От детины разило перегаром, и было ясно, что так лежит он долго, с ночи. И, судя по храпу и массивности его пропитанного вином туловища, придет в себя еще не скоро.
Циля даже задрожала от ярости, глядя на непрошеного гостя. Таня же, упершись руками в бока, вдруг звонко расхохоталась. И Циля, с удивлением взглянув на нее, неожиданно для себя вдруг присоединилась к ней. Тане было весело, легко на душе – от сизого неба над городом, от весенней прохлады, даже от грязи, чавкающей под ногами, и от знакомых с детства картин, на которые раньше она совершенно не обращала внимания, а тут вдруг оказалась в самой сердцевине нового, еще не изученного мира.
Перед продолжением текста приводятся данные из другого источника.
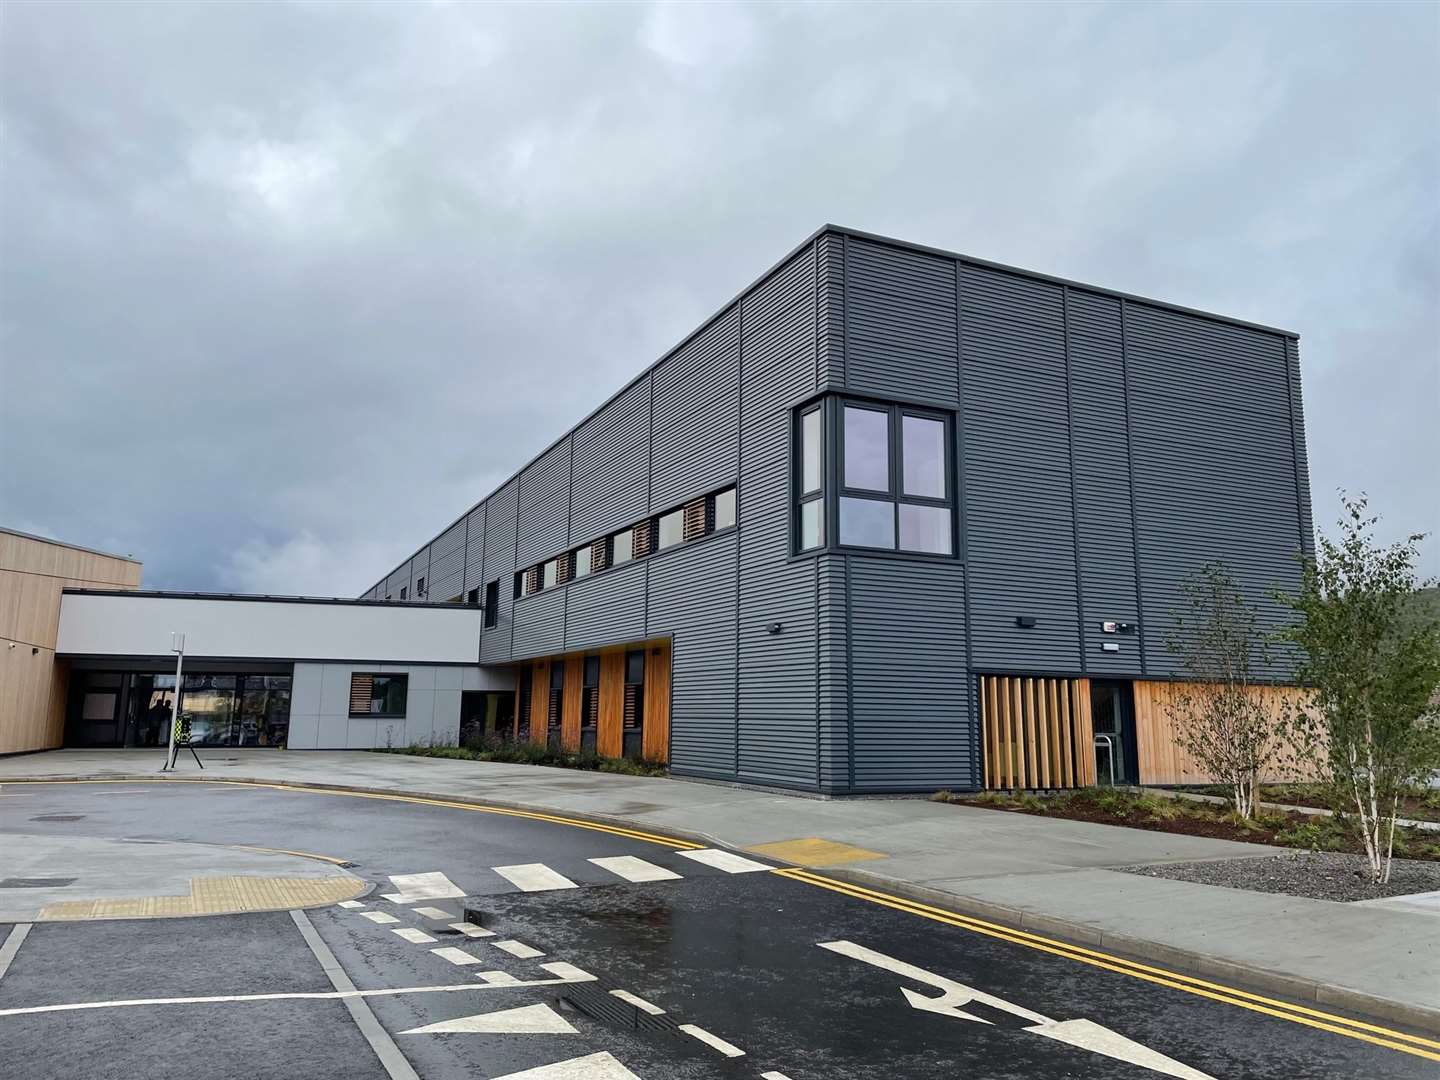 The new Badenoch and Strathspey Hospital building which is now home to Aviemore GP Practice.

– Хорош смеяться! – Строгий голос, раздавшийся за спиной, заставил их обернуться. – Магазин открыть не сможем, торговый день не начнем, а вы зубы скалите! Скалкой бы его, охламона! Да боюсь, такому скалка – как комариный укус.
За их спинами стояла Ида – суровая, худая, с тонко поджатыми губами и в повязанном по-бабски платке. На руках сопел младенец – ее дочка Маришка, которой едва исполнилось три месяца. Румяные, толстенькие щечки малышки резко контрастировали с худыми, запавшими щеками матери. Девочка была закутана в изящные кружевные пеленки, тогда как Ида была в старом вытертом платье с некрасивыми, нелепыми заплатками на локтях. Они как бы свидетельствовали о времени, в течение которого носили это платье – столько, что оно стерлось до дыр.
Никто не узнал бы в этой постаревшей, измученной жизнью женщине прежнюю Иду – веселую, жизнерадостную, такую, какой она была на Дерибасовской. Та Ида умела радоваться, жить, сопротивляться ударам судьбы.
У женщины, которая стояла, укачивая на руках спящего ребенка, давным-давно погас взгляд, безвольно обвисли губы, и, сломленная нищетой, болезнями, жизнью, она являла собой красноречивую картину того, как жестоко обошлась с ней судьба.
– Тебя забыли спросить, вот шо нам делать! – уперлась руками в бока и Циля. – Ты еще тут фордабычиться за ушами будешь! Шла себе – и иди, сделай себе ручкой! Нас и без тебя этот кобель достал!